連邦政府、ハンフォード疾病作業員救済州法を提訴すると脅迫
アネッテ・キャリー ANNETTE CARY
2018年11月28日
2018年に制定された州法は、ハンフォード作業員らが申し立てる幅広い疾病について、首尾よく承認されるようになることを目指していた。
作業員らが救済申し立て手続きを取るさい、その疾患が――呼吸器科や神経科の病気、あるいは多発性の癌であれ――核保留区で働いたことが原因であると証明することが不要になった。
司法省がジェイ・インスリー知事宛てに送付した書簡によれば、連邦政府をじかに規制することになる新法は、合衆国憲法の優越条項を侵害するという。
州法はまた、連邦政府に対して州内の他の団体とは違った基準を適用しており、これは差別であると司法省は主張する。
ワシントン州労働産業省に承認された申し立てにもとづいて、病気になった作業員の医療費と逸失賃金が補償されることになる可能性があるので、エネルギー省は作業員賠償請求に備えて自家保険*をかけている。
*[訳注]行政や企業などの経済体が不測の事態を想定して準備金を用意しておくこと。
司法省は、事態が訴訟なしに解消しないようでは、週末までにワシントン州に対して提訴に踏み切る意向であると明言した。

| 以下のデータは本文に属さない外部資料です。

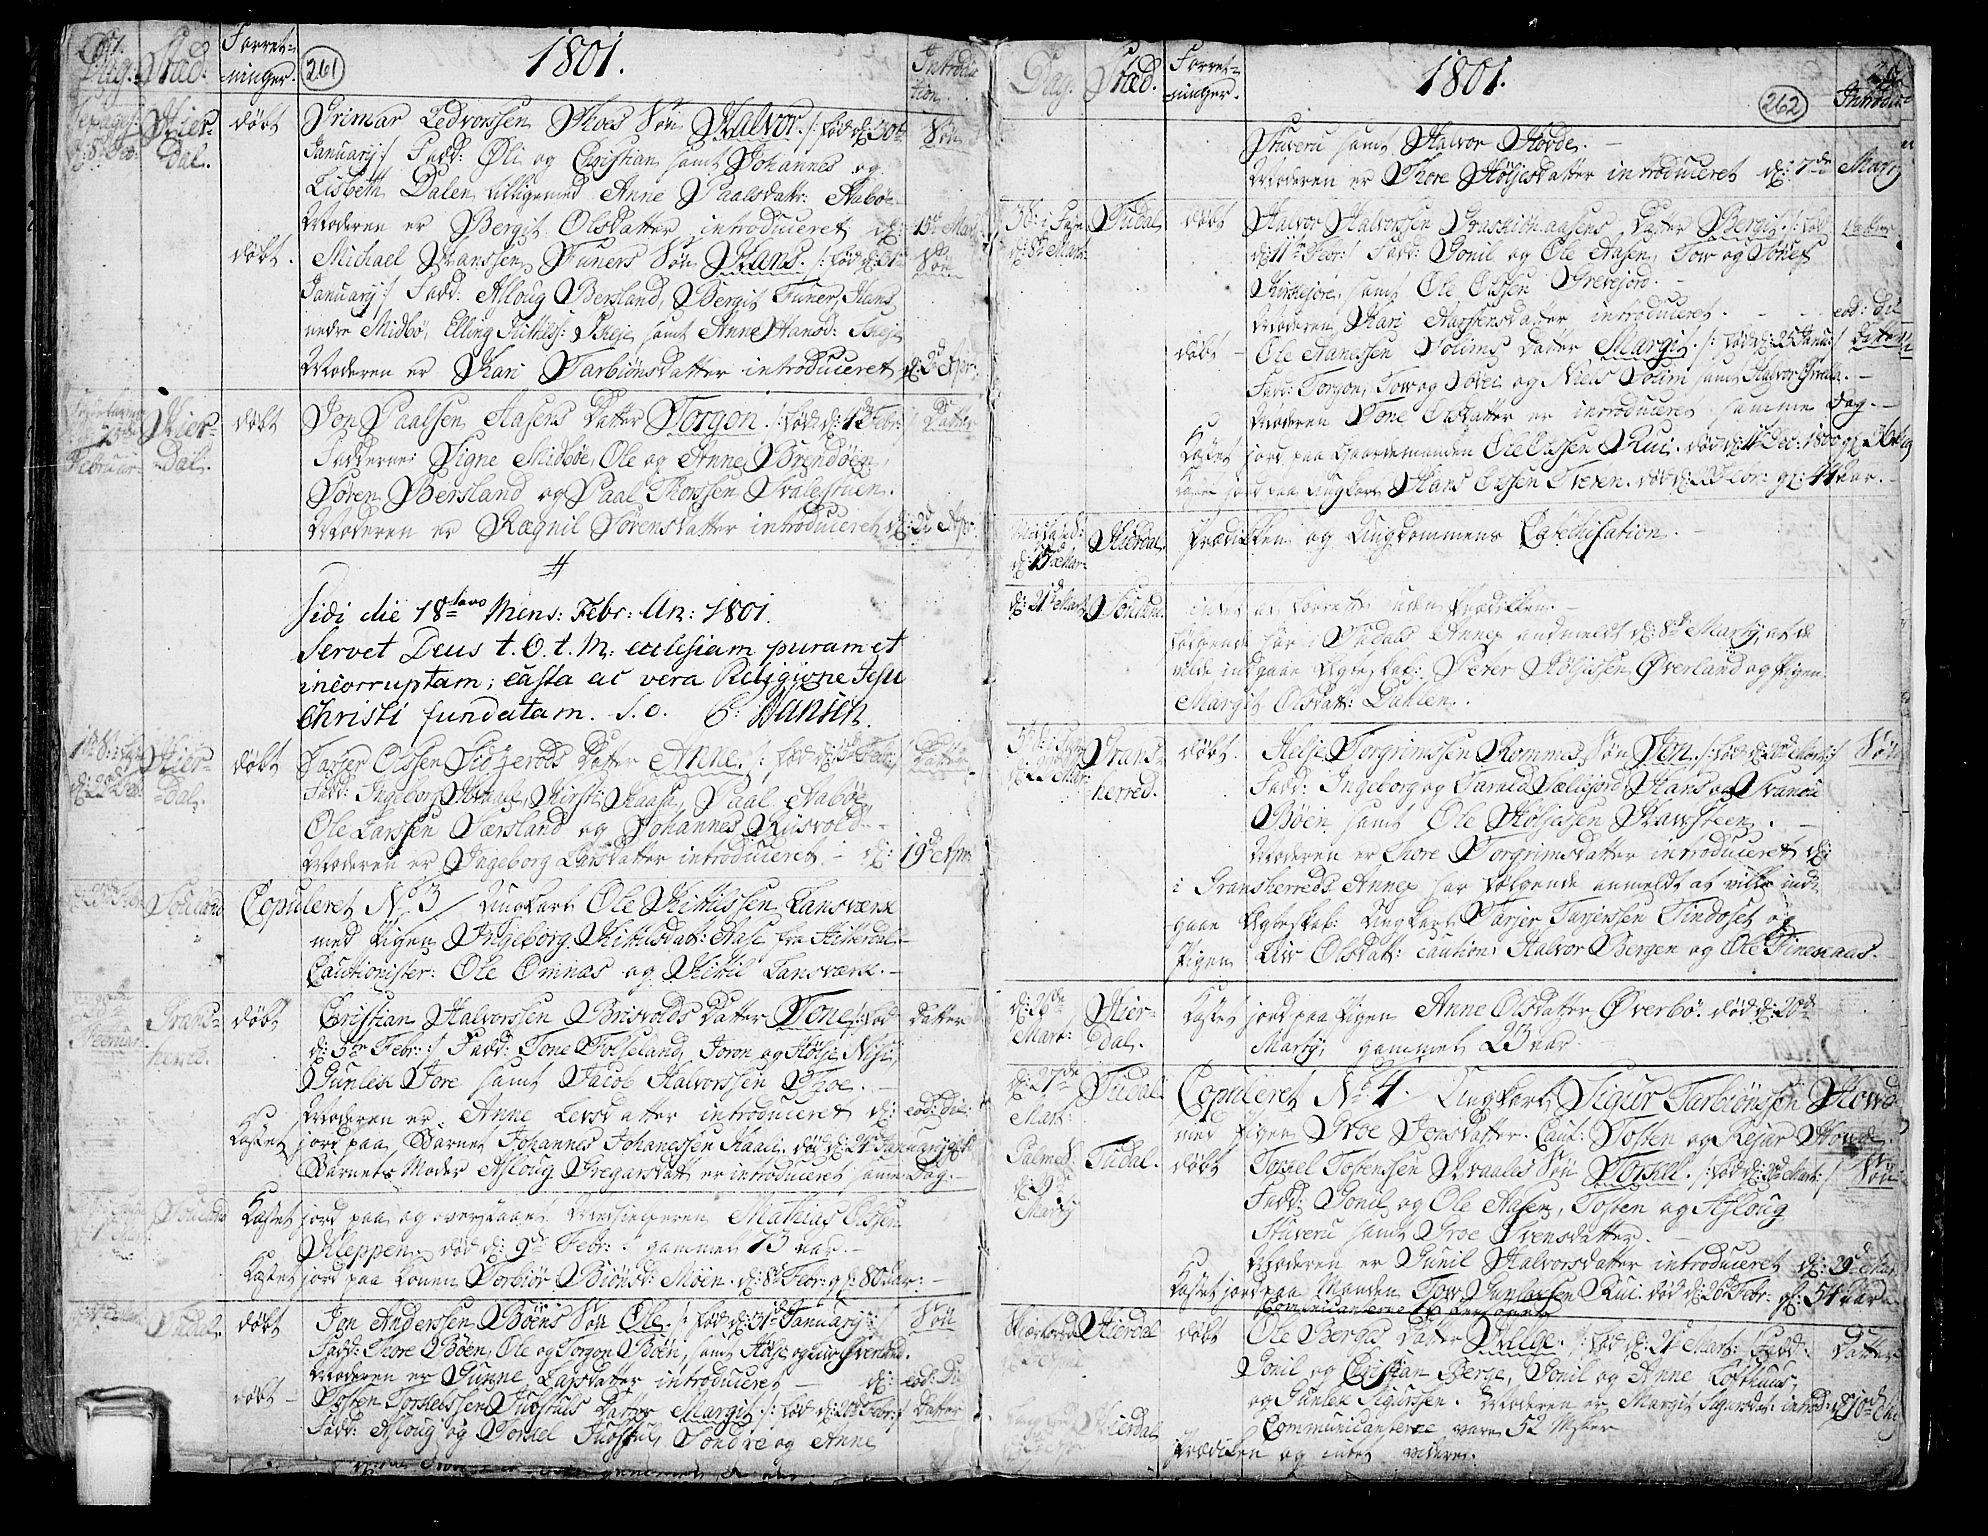 SAKO, Hjartdal kirkebøker, F/Fa/L0005: Ministerialbok nr. I 5, 1776-1801, s. 261-262

司法省はワシントン州に対して、病気になったハンフォード作業員向けの州政府労働者補償プログラムの拡大を阻止するために提訴すると脅迫している。
労働産業省のティム・チャーチ広報官は、同省が州司法長官室と連携して、連邦司法省の主張を聴取する意志があると同省に告知したといった。
州政府のボブ・ファーガソン司法長官は、「司法省が法廷でこの法律に異議を申し立てるとすれば、わたくしは同法を弁護するのを楽しみにしております。ハンフォード作業員たちは危険な作業でこうむった健康問題の補償を受けて当然です」と声明で発言した。
司法長官室は、ファーガソンの指揮のもと、司法省を相手にした裁判沙汰で負け知らずであり、州法が維持される自信があるとファーガソンは明言した
作業員らとその家族は2018年の法律制定のまえ、ハンフォード作業員が賠償を申し立てても、却下されるのが通例であると証言した。
作業員支援団体、ハンフォード・チャレンジによれば、新法が採択されるまでは、ハンフォード作業員の申し立てが却下される確率は、州に対するその他の申し立てに比べて5倍だった。
新法が発効した6月以来、83件の申し立てが見直された。労働産業省によれば、そのうち、28件が認可、6件が却下され、残りは保留されている。
ハンフォード・チャレンジは、却下に異議を唱える作業員らが攻撃的なエネルギー省の法的戦術で迎え撃たれ、補償措置はエネルギー省による干渉の余地を備えているという。
ハンフォード・チャレンジと配管工労働組合598支部は、新法支持を要請するインスリー知事宛て書簡を発送した。
エネルギー省提供
その書簡には、同法が憲法に違反するものではなく、むしろ「ハンフォード浄化事業にともなう危険に対する不適正な措置に関する文書化された歴史および作業員らの賠償請求にいたるその結果に対処する適正な反応」であると記されていた。
同書簡にはまた、新法には「雇用の結果として、衰弱するのみではなく、死亡したり、病気になったりしたまま放置されるハンフォード作業員らが直面する現実的な問題に対処する」方策が備わっているとも記されていた。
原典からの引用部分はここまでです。